Gericht: Oberlandesgericht Celle
Beschluss verkündet am 23.10.2006
Aktenzeichen: 17 W 101/06
Rechtsgebiete: FGG


Vorschriften:

FGG § 68b Abs. 3 S. 2
Eine Untersuchungs- und Vorführungsanordnung ist bei verfassungsgemäßer Auslegung des § 68 b Abs. 3 S. 2 FGG zumindest dann anfechtbar, wenn gleichzeitig die Befugnis zur Anwendung von Gewalt gegen den Betroffenen und/oder die Erlaubnis zum gewaltsamen Zutritt zu dessen Wohnung erteilt wird.
17 W 101/06

Beschluss

in der Betreuungssache betreffend

wegen Anordnung einer Betreuung

hier: weitere Beschwerde gegen Untersuchungs- und Vorführungsanordnung

hat der 17. Zivilsenat des Oberlandesgerichts Celle durch den Vorsitzenden Richter am Oberlandesgericht ..., die Richterin am Oberlandesgericht ... und den Richter am Amtsgericht ... auf die weitere Beschwerde des Betroffenen vom 1. September 2006 (Bl. 65 d. A.) gegen den Beschluss der 8. Zivilkammer des Landgerichts Lüneburg vom 21. August 2006 (Bl. 55 d. A.) am 23. Oktober 2006 beschlossen:

Tenor:

Die weitere Beschwerde des Betroffenen wird dem Bundesgerichtshof zur Entscheidung vorgelegt (§ 28 Abs. 2 FGG).

Gründe:

I.

Der 84jährige Betroffene lebt zusammen mit den Familien seines Sohnes sowie seines Enkelsohnes auf dem Hofgrundstück ... in ... . Dem Betroffenen steht ein lebenslängliches und unentgeltliches Wohnrecht auf dem Hof in Form eines Altenteils zu.

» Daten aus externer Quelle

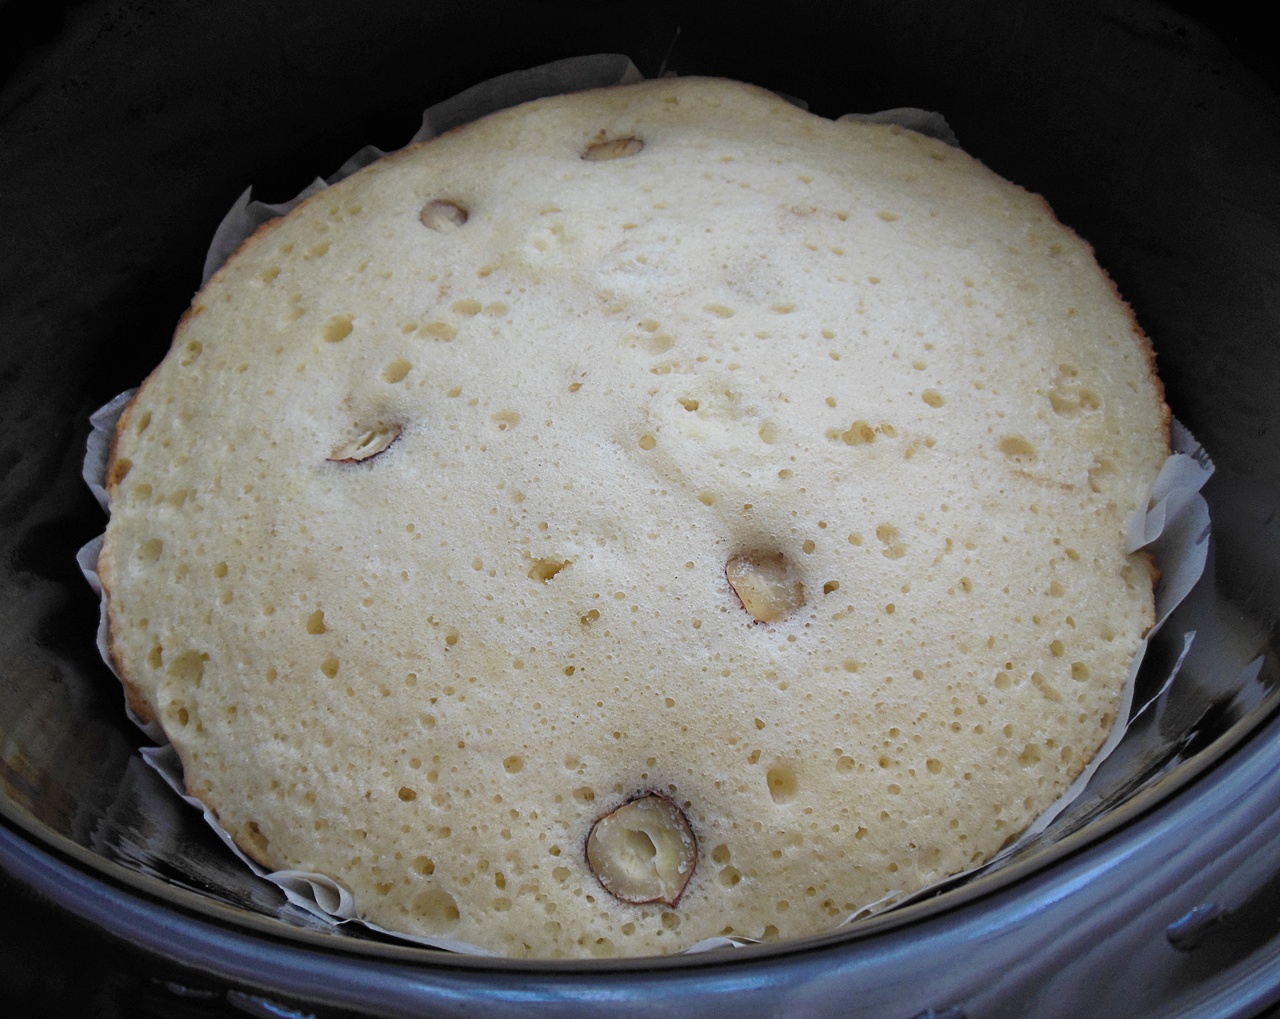 Prajitura cu prune si alune de padure la slow cooker Crock-Pot 4,7 L

Innerhalb der Familie gibt es Differenzen. Dabei wird dem Betroffenen seitens seines Sohnes K. sowie dessen Sohn J. u.a. vorgeworfen, dass er deren Familienmitglieder bedrohe und mit seinem Pkw viel zu dicht an auf dem Hof befindlichen Personen vorbeifahre. So sei er am 9. Juli 2006 so dicht an seinen erst zweijährigen Urenkel T. herangefahren, dass jener nur durch ein Eingreifen seines Vaters, des Enkels J. des Betroffenen habe in Sicherheit gebracht werden können. Der Betroffene stellt diesen Vorfall sowie die anderen Vorwürfe in Abrede. Mit diesen würden Teile seiner Familie versuchen, ihn aus dem Haus und vom Hof zu "vergraulen".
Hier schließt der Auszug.